I looked at her. She saw I was not teasing. She nodded agreement.
“How did you know I was thinking about that?” I asked.
“I don’t know. I just knew it that’s all. We’ll do it together. All of us.”
“Promise?”
“I promise,” she nodded. “Now let’s go in and talk that old woman into leaving her money and house and mill and whatever else she still owns here to The Trout River Falls Trust for Historic Preservation. Charlene’s already explaining to her how it would work.”
* * *
That evening, after Mrs. Ward cooked us dinner and we did the dishes, we sat around the kitchen table drinking an old bottle of cognac she had pulled out from somewhere in that mausoleum of a house. It was good stuff. There was no telling what she had stored in all those rooms.
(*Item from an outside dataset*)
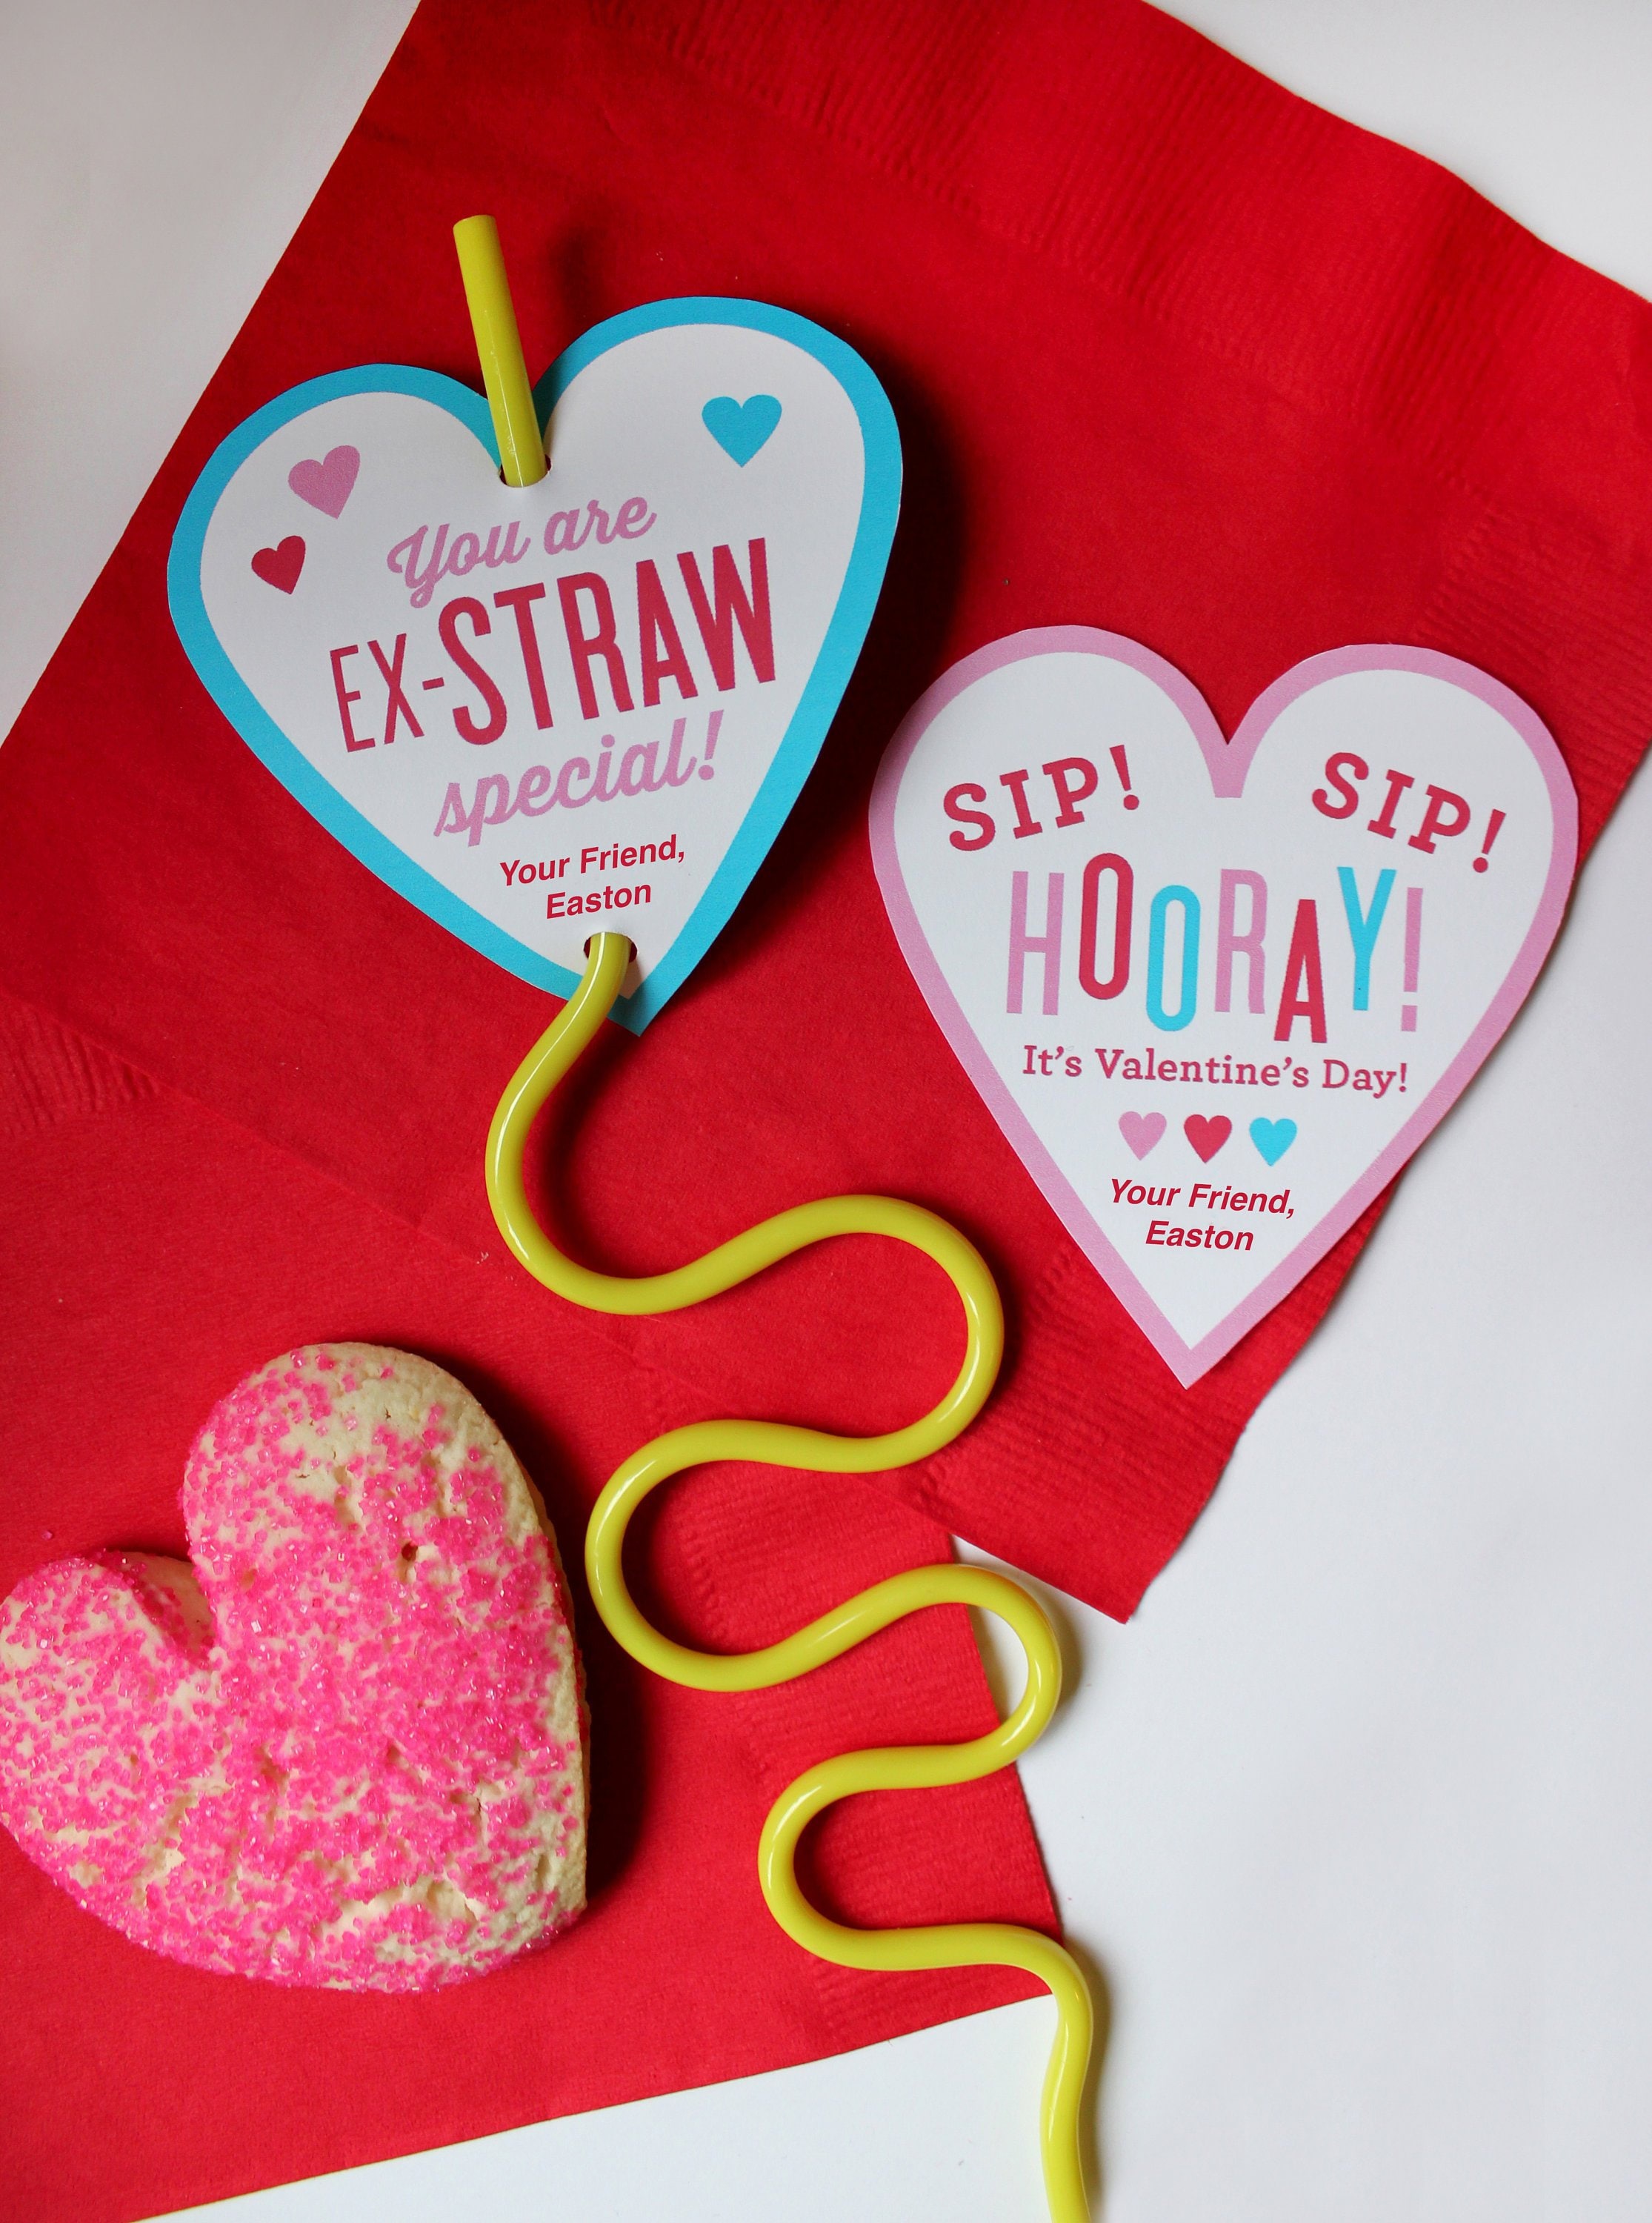  Valentines Day Gifts for Kids - Valentines Day Cards for kids -  Set of 32 Crazy Straws Bulk - Valentine Exchange Cards for Girls Boys  Toddlers School Class Classroom Party Favors

After dark, she lit candles and old oil lamps that looked like they dated back to her great grandfather’s days. She told us stories about growing up, how she met her husband, when they moved to Trout River Falls and took over the mill. She told us about the night her son was born during a blizzard, how they couldn’t get
to town and the doctor couldn’t get to them, how she almost bled to death after her husband delivered the baby. At dawn the snow stopped and a farmer brought the doctor in on a sled pulled by mules.
She softened up as the evening progressed. Maybe it was the cognac. Maybe it was talking about Trout River Falls. She did love the old town. You could tell by the way she dismissed it the way you bad mouth a husband you’ve been married to for thirty years, the way you trash your mother or your sister, but you’d defend them to anyone who dared say anything against them. There was nothing neutral about that old woman. The way she stomped her cane for emphasis and shot us direct questions. And the more Erica and Charlene and Roz talked about their ideas for reviving Trout River Falls, the more Mrs. Ward taunted and teased them, until Erica suggested she record an oral history. At that moment we all saw a shift in her attitude. She said somewhere in the house she had old photographs of the town dating back to the mid eighteen hundreds, before there was a bridge, only the dam and the falls. When the only way across the river was a pull ferry attached to a rope. She asked us to return when things settled down and we had time to sort through her old things.
We went to bed weary and worn out but satisfied that thanks to the storm, we had accomplished what we set out to do. There was only one item left on my list.
Early the next morning when we were all assembled in the kitchen, the lights that had gone dark when the storm hit suddenly came on and a radio announcer blared out local news about storm damage and power outages and river and stream flooding. It startled us and Hope rushed to shut off the radio.
“No,” I told her. “Just turn it down some so we can hear what happened.”
“Must have fixed the main line at last,” Mrs. Ward stomped into the kitchen, her cane heavy on the wood floor. “Just in time for breakfast, too.”
“Does that mean the phone is working?” asked Valerie.
“Go ahead over and try it.”
Valerie was closest to it.
“Yep,” she said. “It’s working. I guess that means we have to start making calls.”